There will be user demand for software without Google’s strictures, and businesses will try to provide it. They may try to develop a search engine, mapping tool, or AI assistant to compete with Google’s. Especially here, the market will find itself at the mercy of WEI. Google builds its businesses — past, present, and future — on mining the Web for data. This means sending automated requests to websites using the very bots that WEI is designed to kill. Google is using WEI to pull up the ladder behind them, making it impossible for other businesses to do what they did. Webmasters will use WEI to selectively approve traffic from the Google-approved devices and Google-owned crawlers that make them money through Google’s ad network. Upstart search engines will find their scraping traffic blocked because they can offer no such kickbacks.
In short, WEI will constrain the choices of regular Americans online. It will kill competitors to Google products. Critically, it will not offer any kind of protection against even very mildly motivated bad actors, who will continually reverse-engineer Chrome and build WEI into their tools. The technologically inclined will continue their arms race against Google; the rest of us will be squarely under their thumb.

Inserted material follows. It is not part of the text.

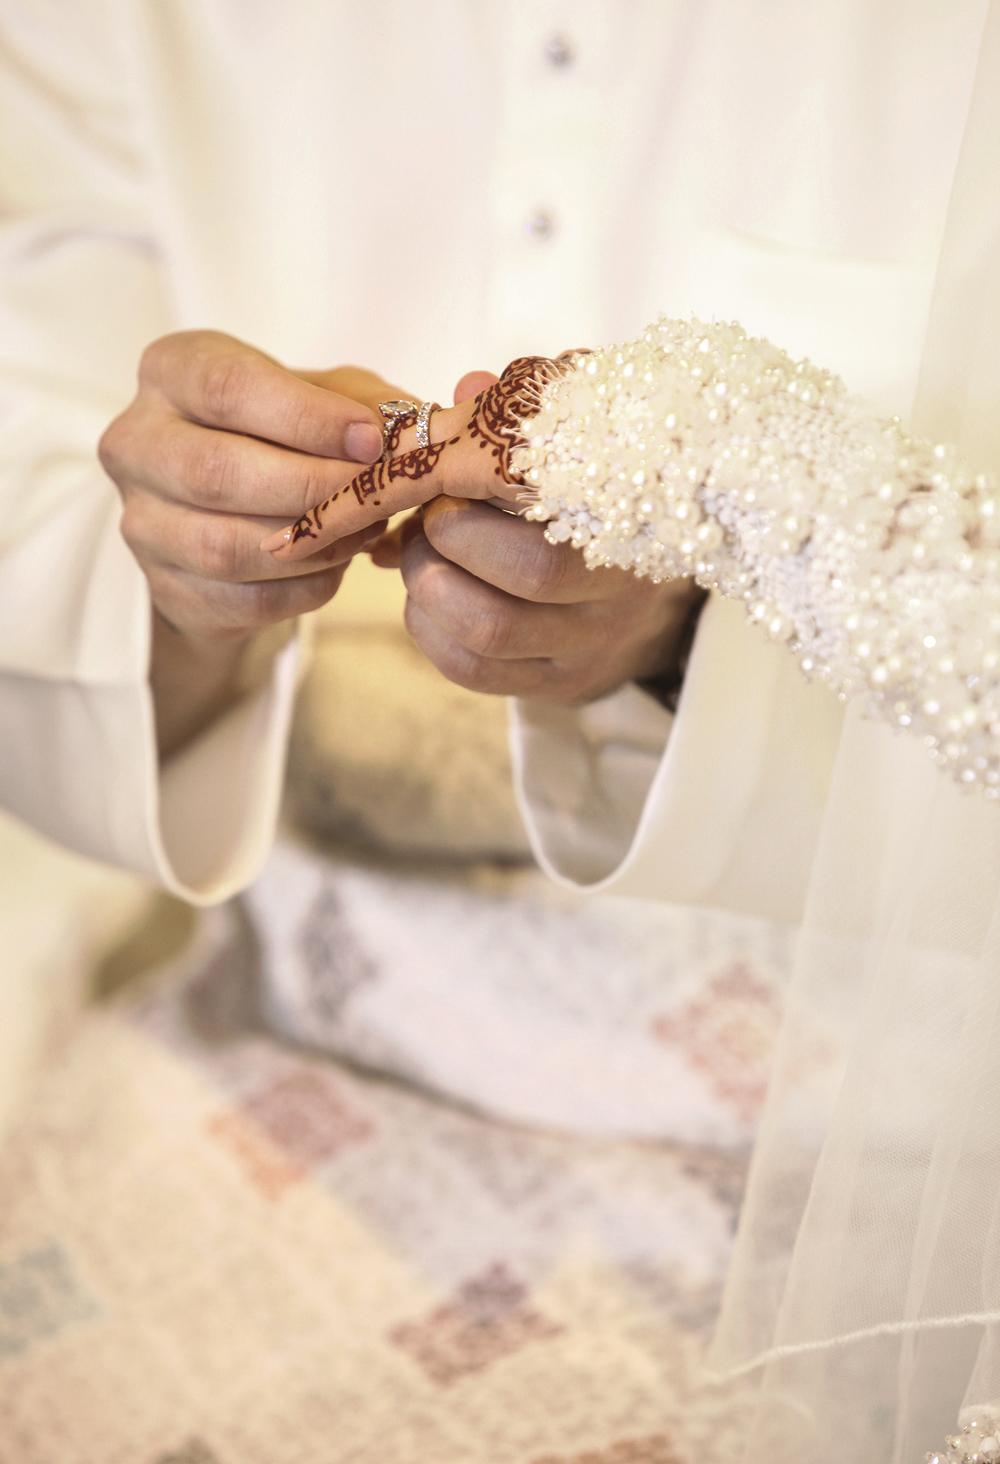 malaysia traditional malay wedding . the akad nikah of putera bruno araujo + puteri elfarezza . photography by kurt ahs ( perhapslifemoments ) . 7200.jpg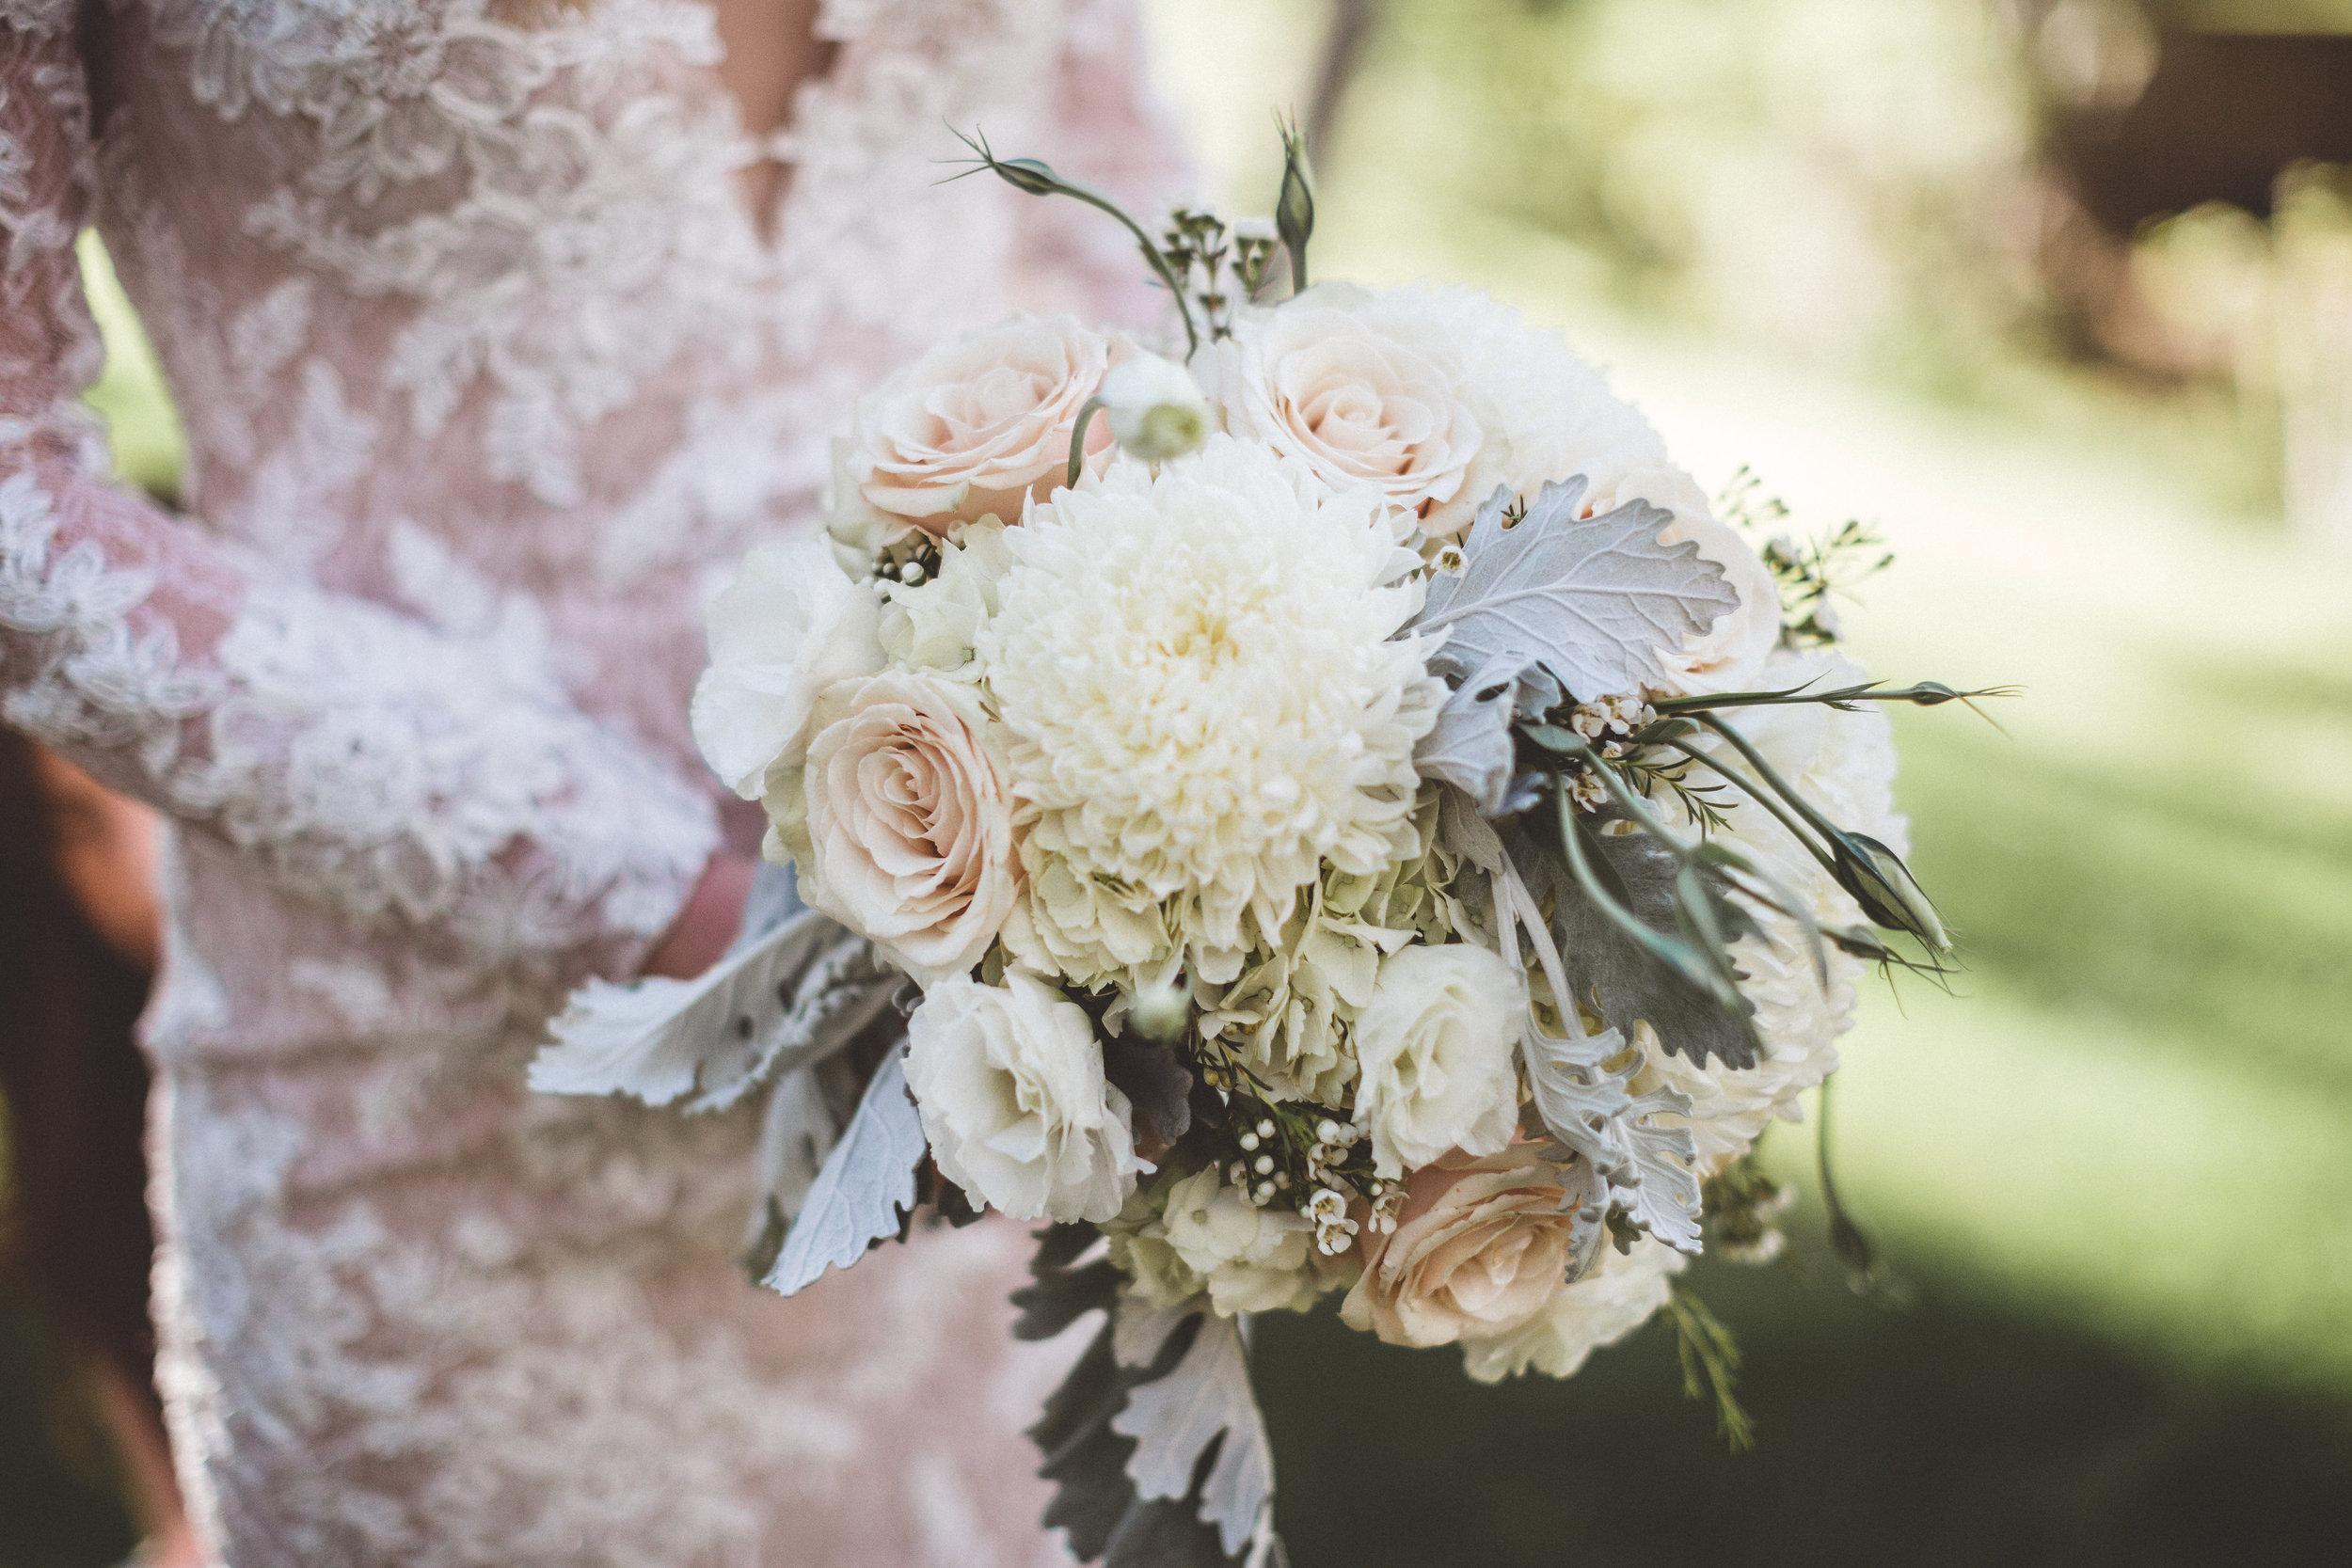 jill-and-alexs-intimates-big-bear-wedding36.jpg

What is happening with the Web is only possible because Google, above and beyond any other major tech company, controls too many layers of it. Not every problem with the Web can be solved with regulation; I firmly believe that this is one of them. Google must be compelled to divest itself from certain layers. To me, it would be simplest for them to stop vending the world’s most popular browser so they can offer their vast, ubiquitous suite of online tools on equal footing with their competitors.
I hope that the FTC will take Google’s WEI proposal as an urgent signal that the company is on a blatantly anticompetitive trajectory. I urge you to take decisive action in keeping the Web usable for every American, regardless of their choice of browser or search engine. I am happy to answer further questions or provide testimony on this matter.